In practice, many processes have a distribution similar to the picture above. For example, your customer service process may typically take up to two weeks, but you have these few, very complicated cases that took one or two years to resolve. Or when a typical incident can be closed with 8-10 steps, there is this one extreme case that was ping-ponged between different groups more than 200 times.
In such processes, the median (also known as the 50th percentile) gives you a much better idea of the typical performance characteristics of a process than the arithmetic mean. Therefore, the median can often better point you to the places in the process that typically are quite slow. For example, from the mean durations visualized in the illustration below on the left, you can get the impression that basically the whole area on the left of the process is problematic in terms of performance. The median performance view, shown on the right, makes it clear that the bulk of the problems actually lies with one activity on the lower left.
Of course there are still situations, where you might want to use the mean. One reason can be that it is easier understood by people who are not statistically minded. Or your KPIs might be defined based on the mean, so you should use the mean for your analysis, too. But keep in mind that if you have a skewed distribution with heavy outliers, the mean can be misleading and the median will be a better metric to get a sense of what a typical value looks like.
Tip No. 2: Combine total duration with the median
The second tip that we want to give you is to keep in mind that neither the mean nor the median take the frequency into account.
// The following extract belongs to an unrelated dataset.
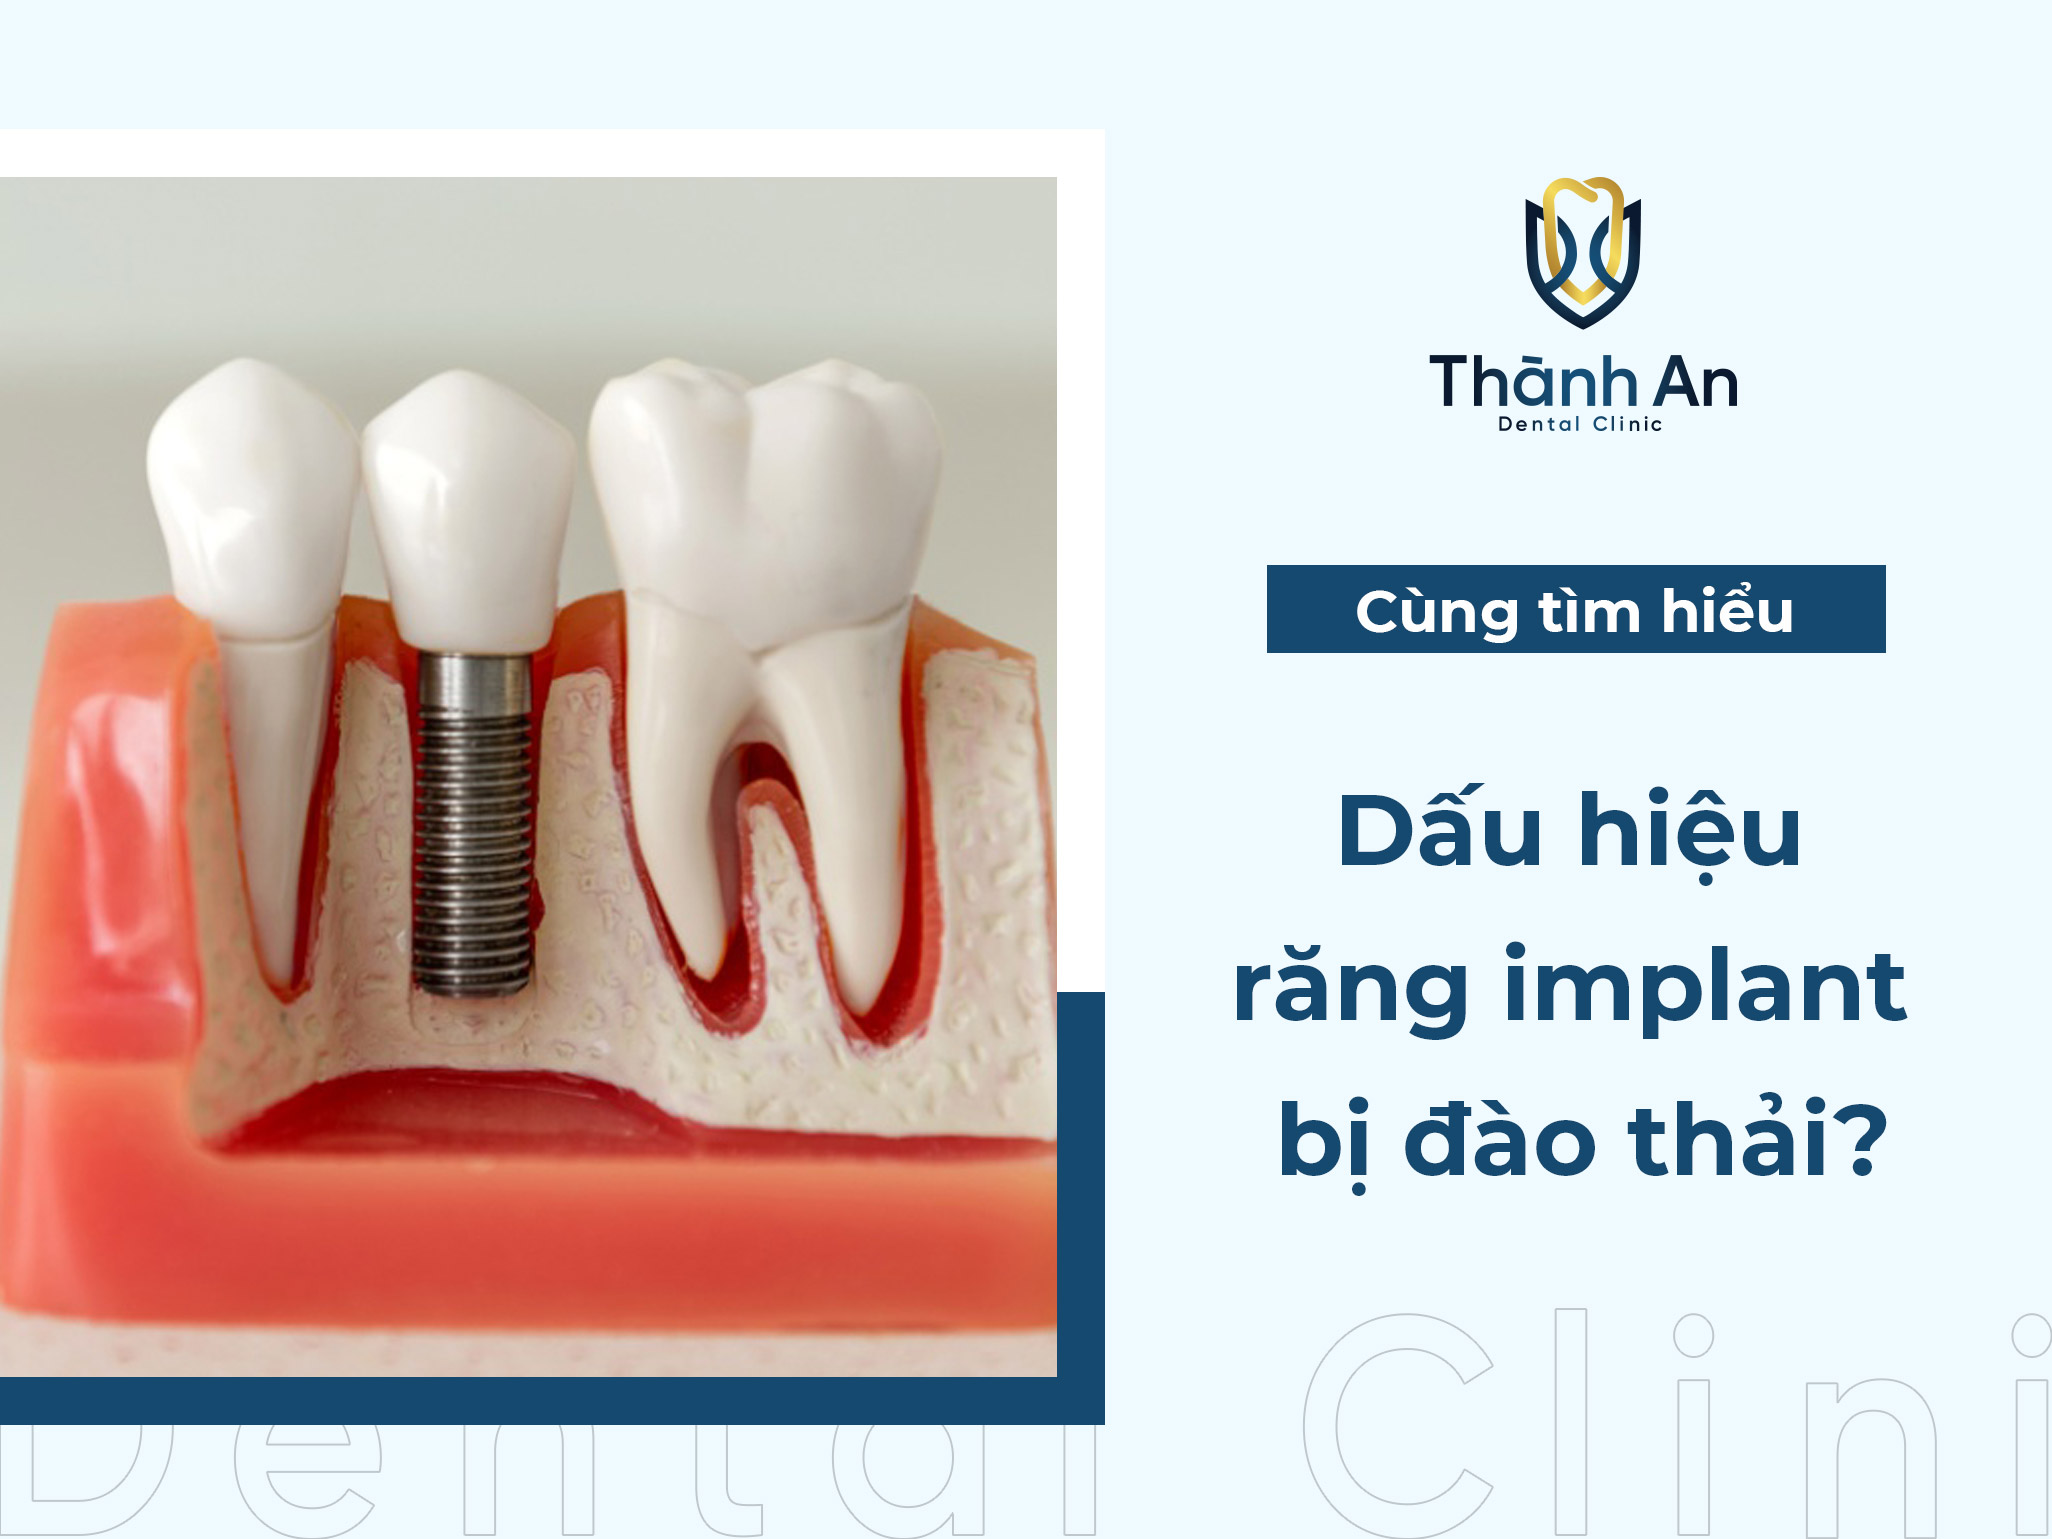 Răng implant bị đào thải: Dấu hiệu nhận biết và cách xử lý

This can be a problem, because you want to focus your improvement efforts on those places in the process, where they can have the most impact.
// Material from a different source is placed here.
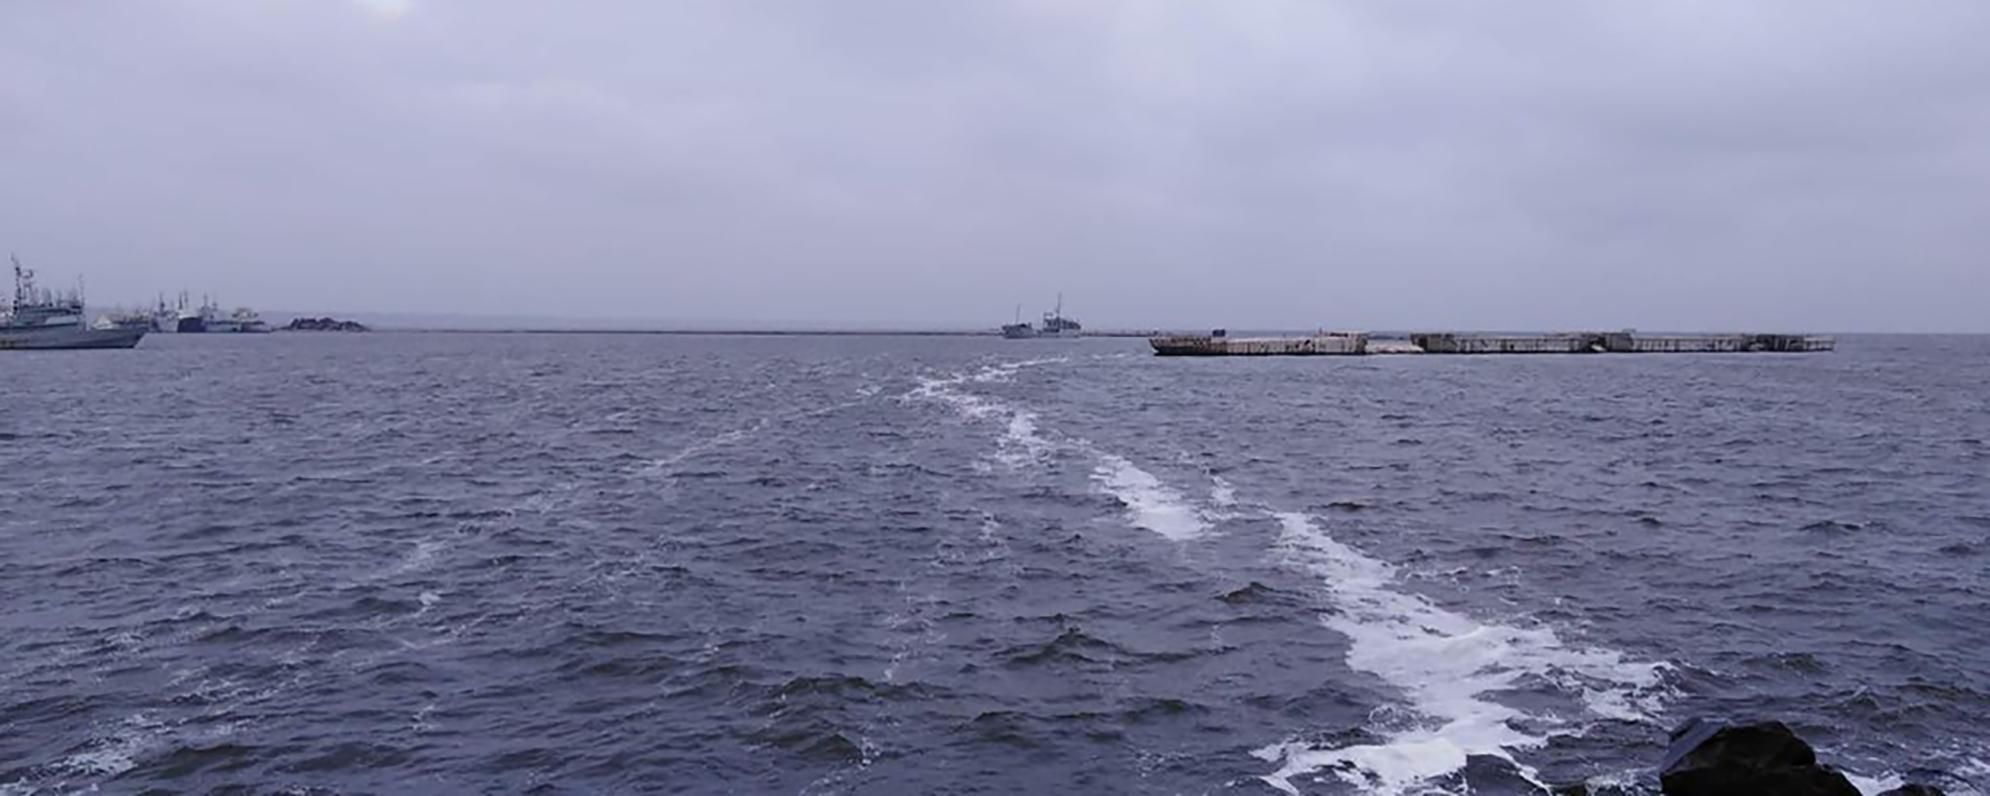 Российские корабли понесли потери в Черном море: военные сбили беспилотник Орлан-10

For example, let’s take a look at the process map below. We have used the median for the performance visualization and it looks like that path that typically takes 5.6 days is the biggest problem.
However, once we switch to the frequency view, we can see that the path right next to it is about 10 times as frequent. So, although the median delay on that path was just 3 days (instead of 5.6 days), the impact of improving this particular bottleneck will be greater.
The best way to take the frequency into account in your bottleneck analysis is to use the total duration (see the screenshot below). The total duration gives you the sum of all the delays in the data set and, therefore, naturally takes both the actual delays but also the frequency into account. So, you can clearly see the big, fat, red arrow in the process map point to the biggest bottleneck that you should address first.
The only drawback of the total duration is that the numbers easily add up to months or years. As a result, it is hard to get a sense of what the typical delay of a path or activity is in the process. To address this, you can add the mean or median duration as a secondary metric (see screenshot below). The secondary metric will appear in smaller font below the primary metric in the process map. We can see the 5.6 days median measurement re-appear in the process map, but it is now clear that the path to the left is the bigger problem we should focus on.
Now, you have the best of both worlds: The total duration as the primary metric is driving your attention to the right places in the process map and helps you to focus on the high-impact areas for your improvement project. At the same time, you can easily see what the average or the typical delay is in this place through the secondary metric.